What followed was an 11-year project that O’Daniel refers to as a “game of telephone,” wherein the world of the film expanded beyond the thefts as each emerging anecdote prompted a successive scene. Due to O’Daniel’s winding explorations along the way, The Tuba Thieves is a wholly unique and unexpected film: part documentary, part ode to the city of Los Angeles, part imagined history. The film is firmly planted in the L.A. soundscape in both overt and subtle ways: We observe city traffic, hands caressing chain-link fences, a helicopter hovering over a crackling wildfire. Vignettes about fictional characters navigating L.A. through the texture of sound are interspersed with scenes based on the responses to O’Daniel’s prompts and real elements from the story of the instrument thefts. O’Daniel subverts the traditional narrative structure of a feature film by layering these stories, building suspense and momentum through sound.

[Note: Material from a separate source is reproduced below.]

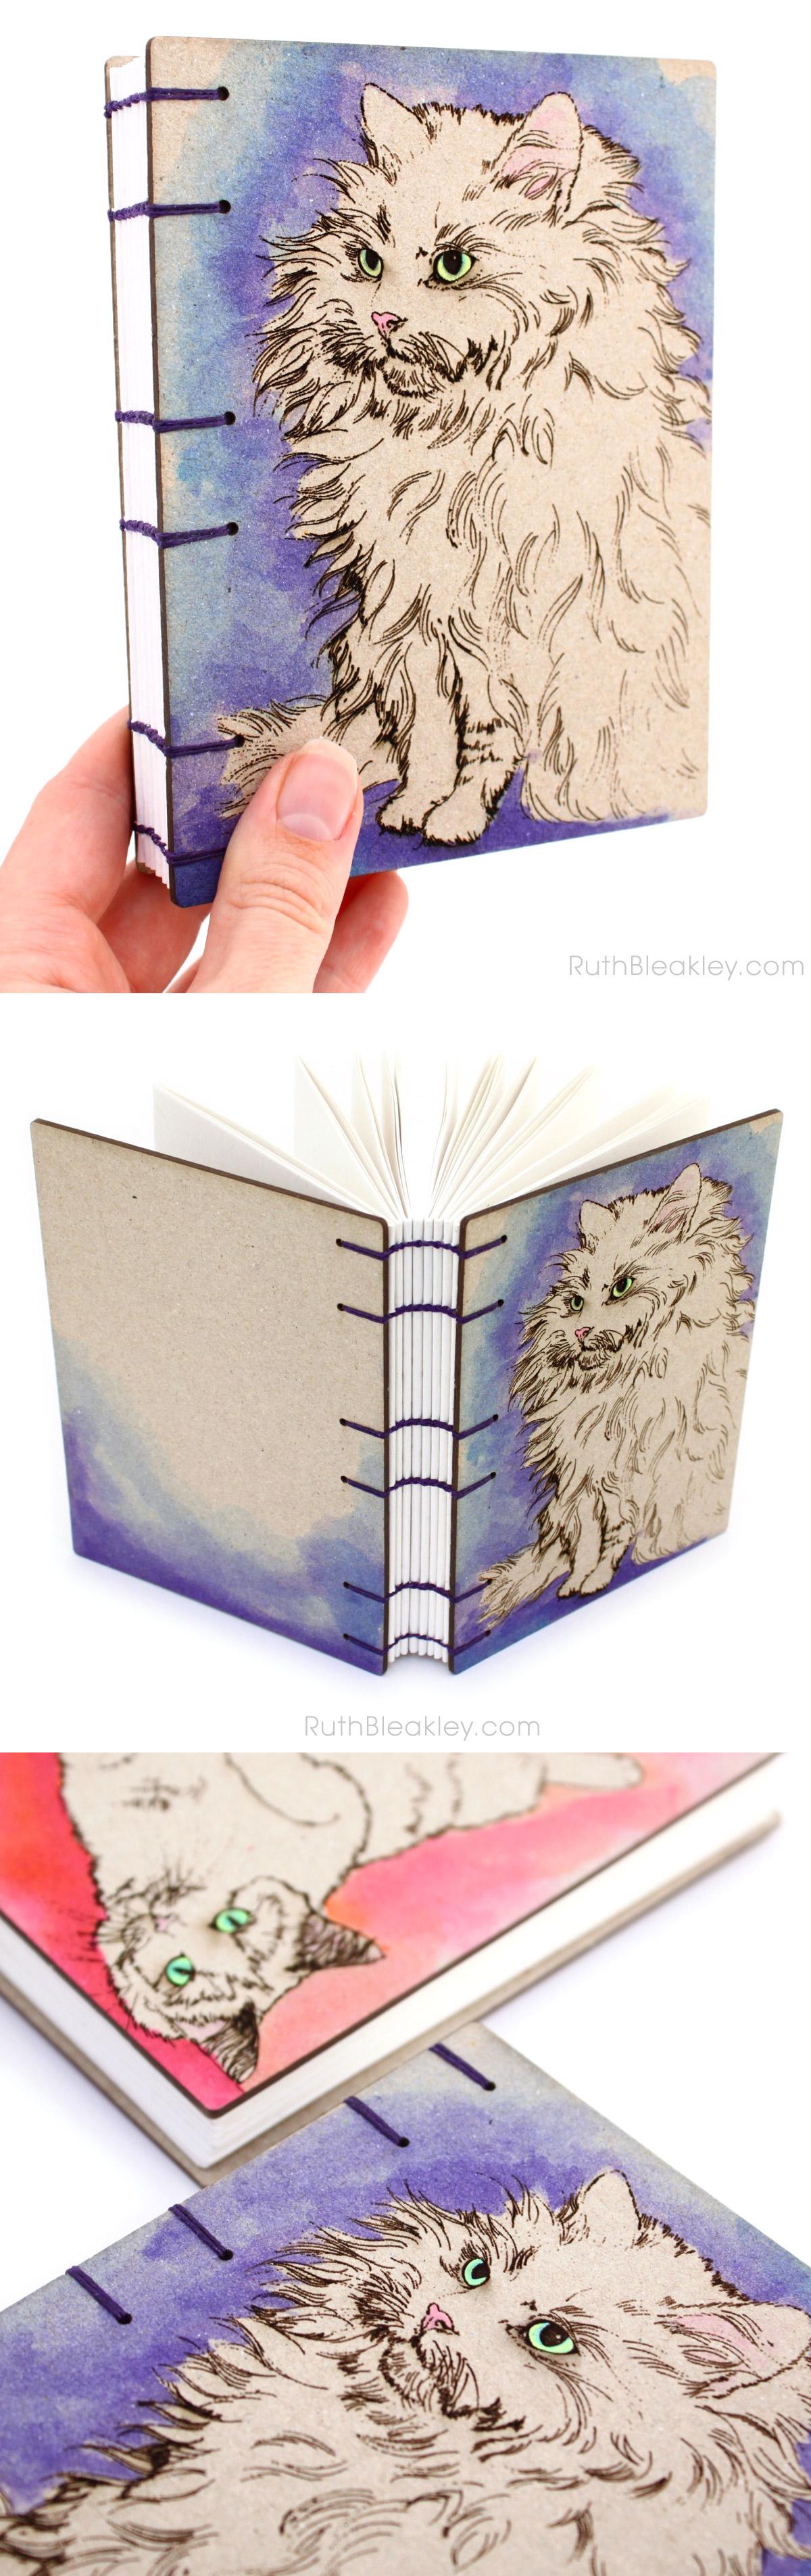 Purple Cat Journal handmade by bookbinder Ruth Bleakley

Alongside subtle and brilliant editing, O’Daniel employs succinct and vivid open captions to set tone and propel the action. In one poignant scene, the camera shakily makes its way through the crowd in a concert venue. A figure onstage is blurred. The phrase “[A MORE VULNERABLE MELODY]” appears onscreen as audience members turn around and toward the camera to stare. Finally, we see musician Patrick Shiroishi alone onstage, blowing into the saxophone. The melody that plays is indeed yearning and plaintive.
I left a screening of The Tuba Thieves in April with a profound understanding of the film as a truly physical, sensory experience. I had already seen select scenes over the years; O’Daniel and I first worked together in 2018 on an exhibition for Los Angeles Nomadic Division (LAND), where a single-channel installation was played in one room while the accompanying score was played in an adjacent one. O’Daniel probes the possibilities of the film medium, stretching the audience to consider the textures of sound and the materiality of storytelling. She relishes the challenge of asking what a film can be and how her different audiences might perceive it. She doesn’t demure from conversations on accessibility, insisting on the importance of representation in film and championing ubiquitous captioning.

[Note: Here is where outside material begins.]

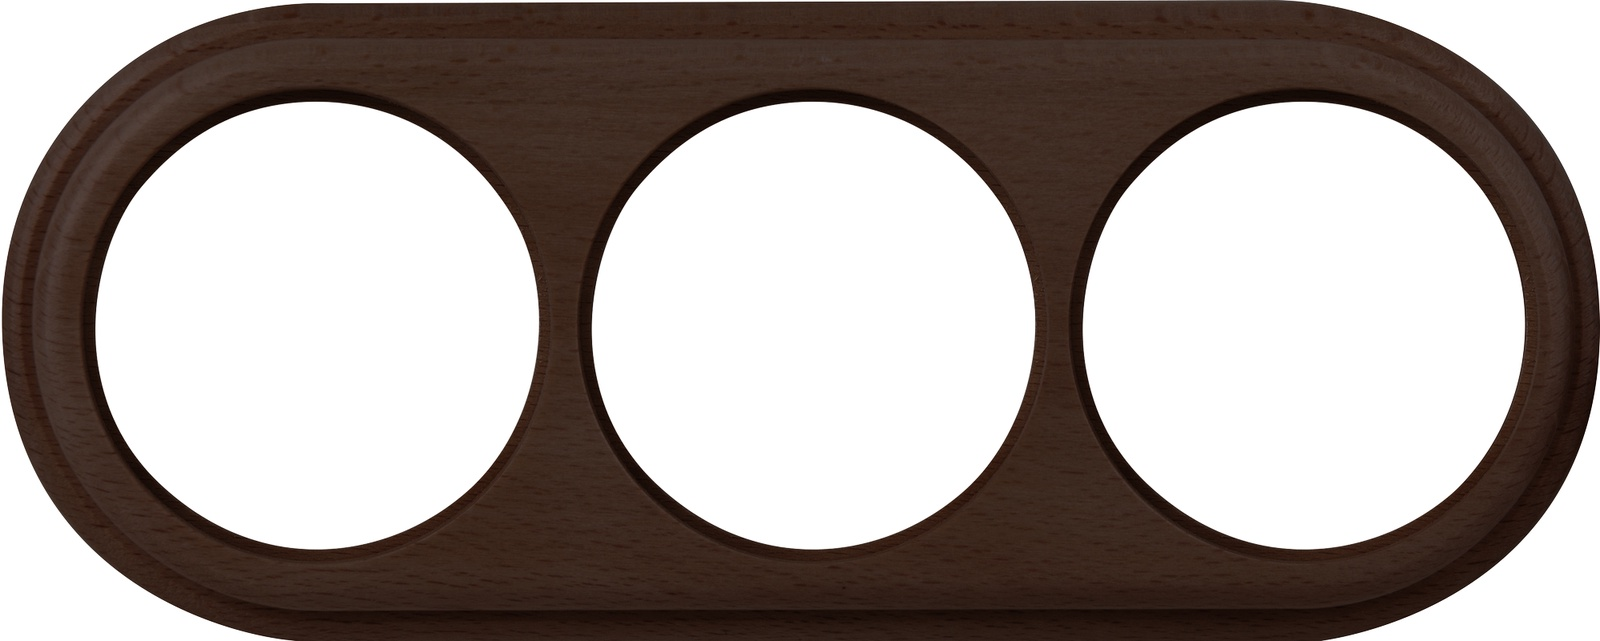 WL15-frame-03  Рамка на 3 поста венге

I recently met with O’Daniel to learn about how The Tuba Thieves had grown and evolved since the LAND exhibition. We discussed breaking film rules, the influence of Los Angeles on her work, and her approach to “listening untethered to the ears.”

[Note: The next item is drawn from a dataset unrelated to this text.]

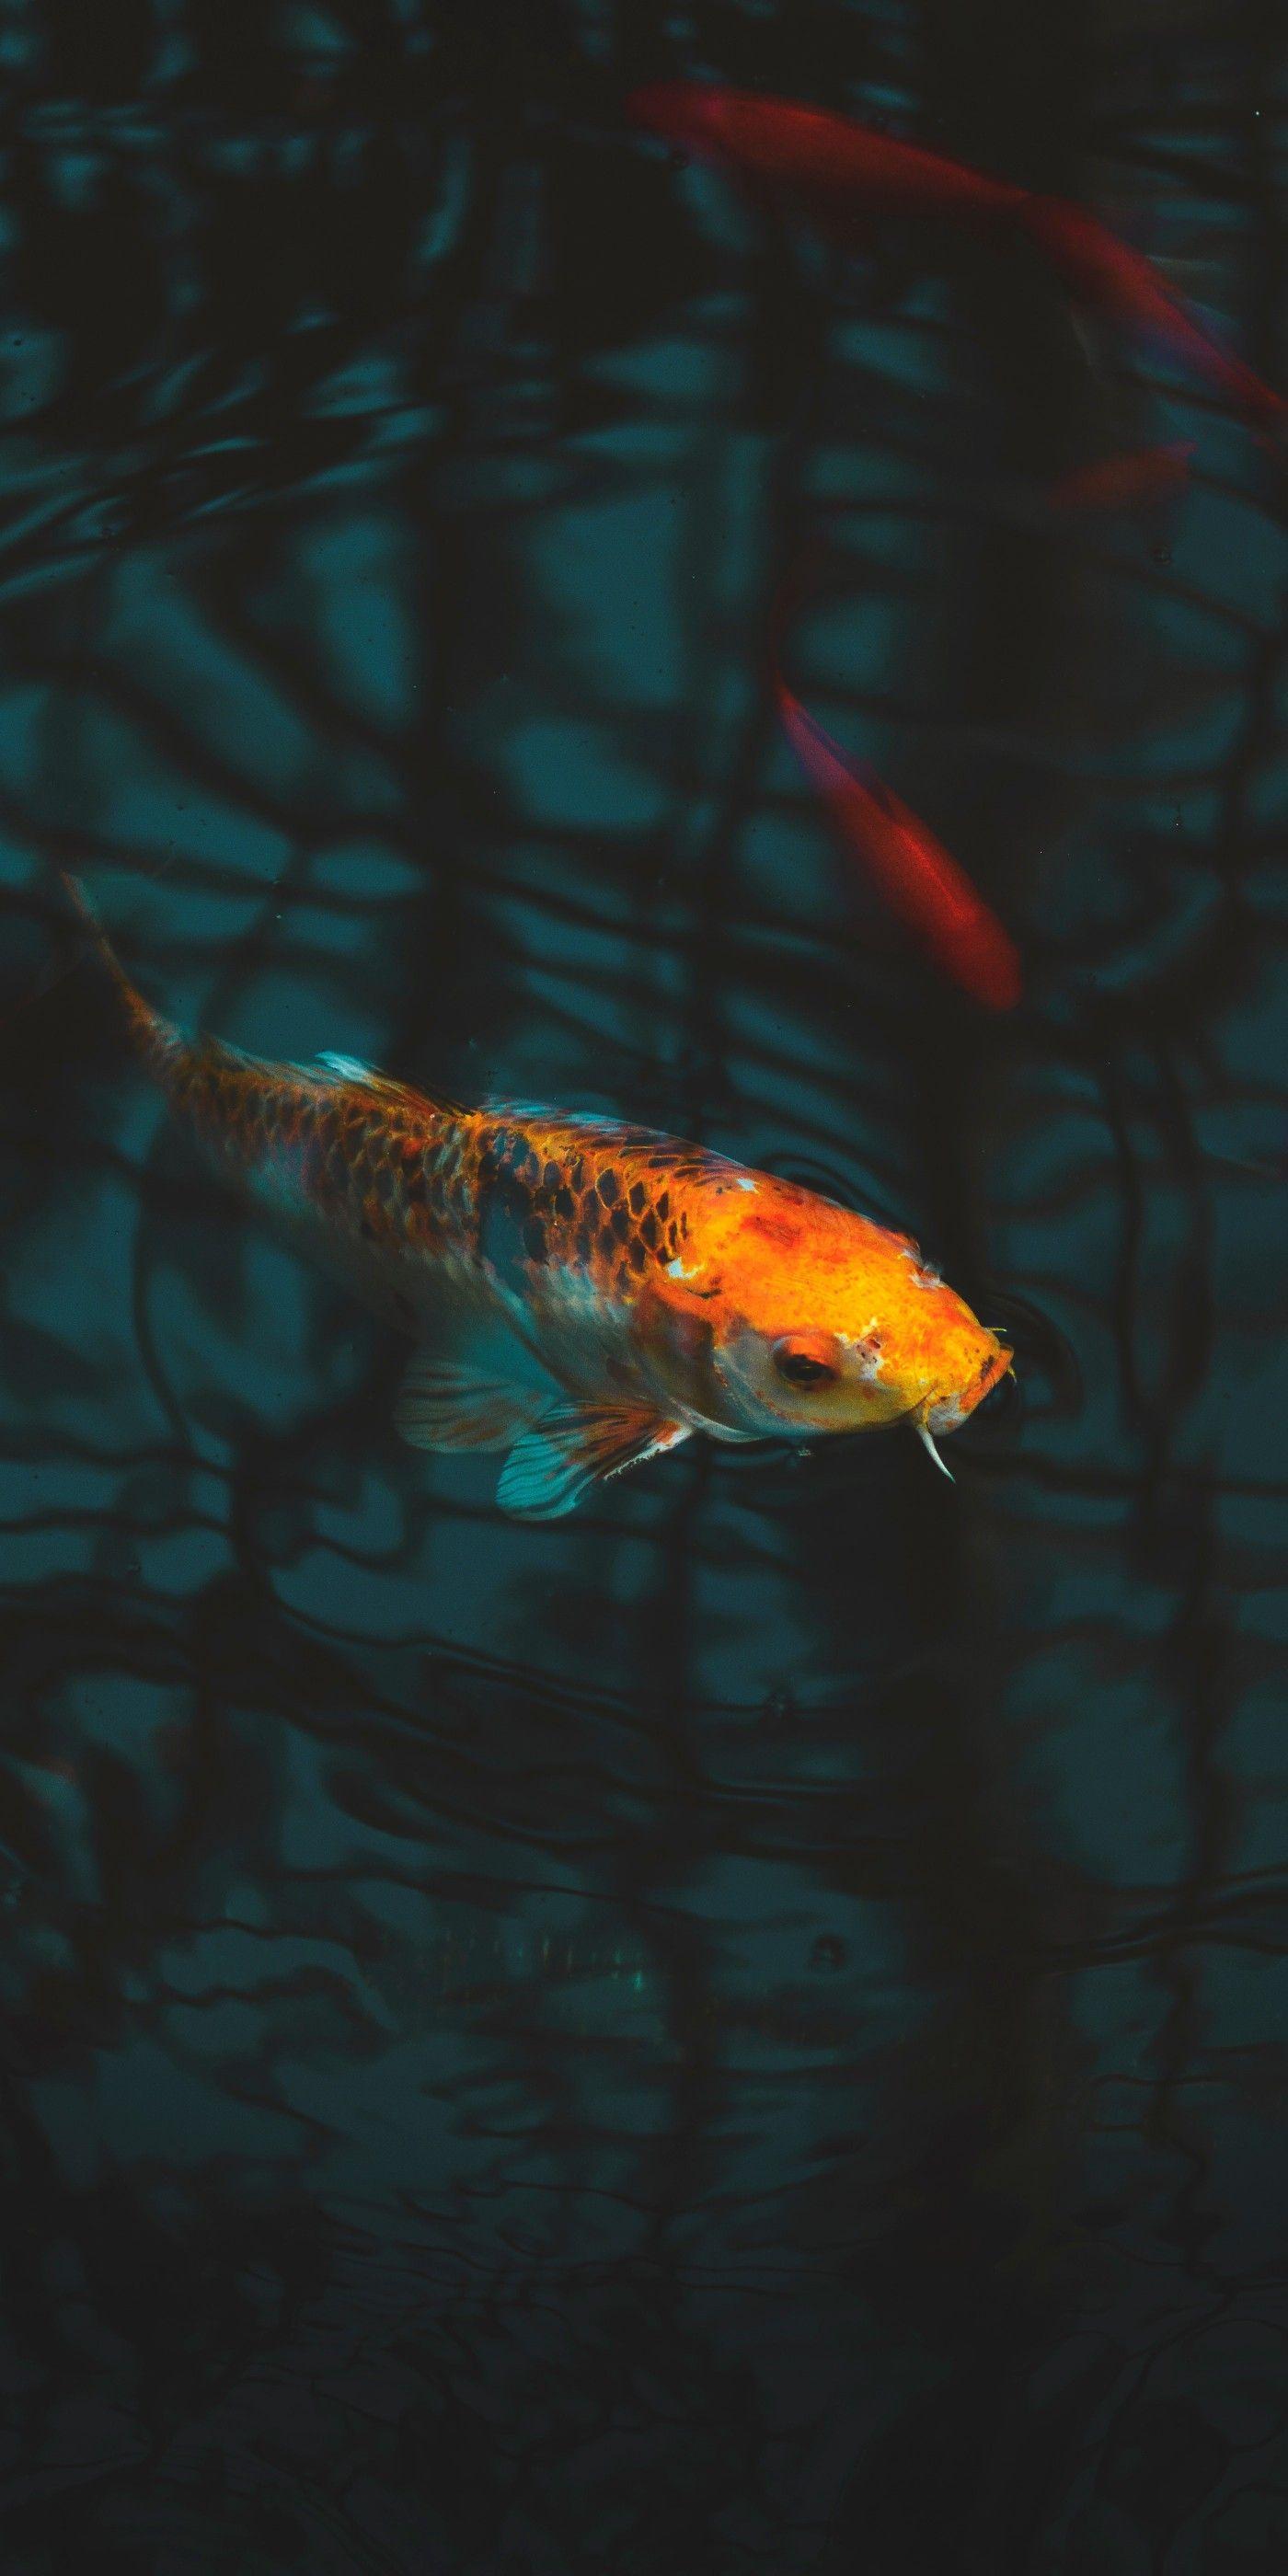 Pin By Iyan Sofyan On Animals Pictures Koi Fish Colors Fish Wallpaper Koi Fish

Irina Gusin: I’ve heard you talk about how you were driving in your car and listening to news stories on the radio. You were able to track different tuba thefts at different high schools over an extended period. The fact that you could track this story in your car as it unfolded over several years is such an L.A. story. The Tuba Thieves literally started with you listening.
Alison O’Daniel: The radio thing is so specific and I like that you pick it up, because whenever I talk about that, in some ways, it’s a nod to Angelenos. There is such a specificity to Angelenos’ relationship to being in the car, and what you listen to in the car. I was thinking about the sounds of L.A., and included in [that] for me are these voices that are guiding all these people to work or whatever they’re doing. I have this total dream—I just want to be able to hear [KPCC host] Larry Mantle talking about The Tuba Thieves and his feigned surprise and delight at himself being in the film.
IG: That would also be my dream. I love how you have described The Tuba Thieves as a listening project. Can you explain what that means to you?
AO: I knew I wanted to make a film, [but] I didn’t know what it was going to be…. I had this desire after working with [Ethan Frederick Greene, the composer of my first film, Night Sky (2011)] to see if it would be possible to flip the script and have a composer be in the role of a director, and a director be in the role of a composer. A composer is traditionally watching all the footage and then conjuring up sound that’s supposed to guide the audience emotionally through the work. [But] I have a lot of skepticism about the emotional guiding that happens in so many movies.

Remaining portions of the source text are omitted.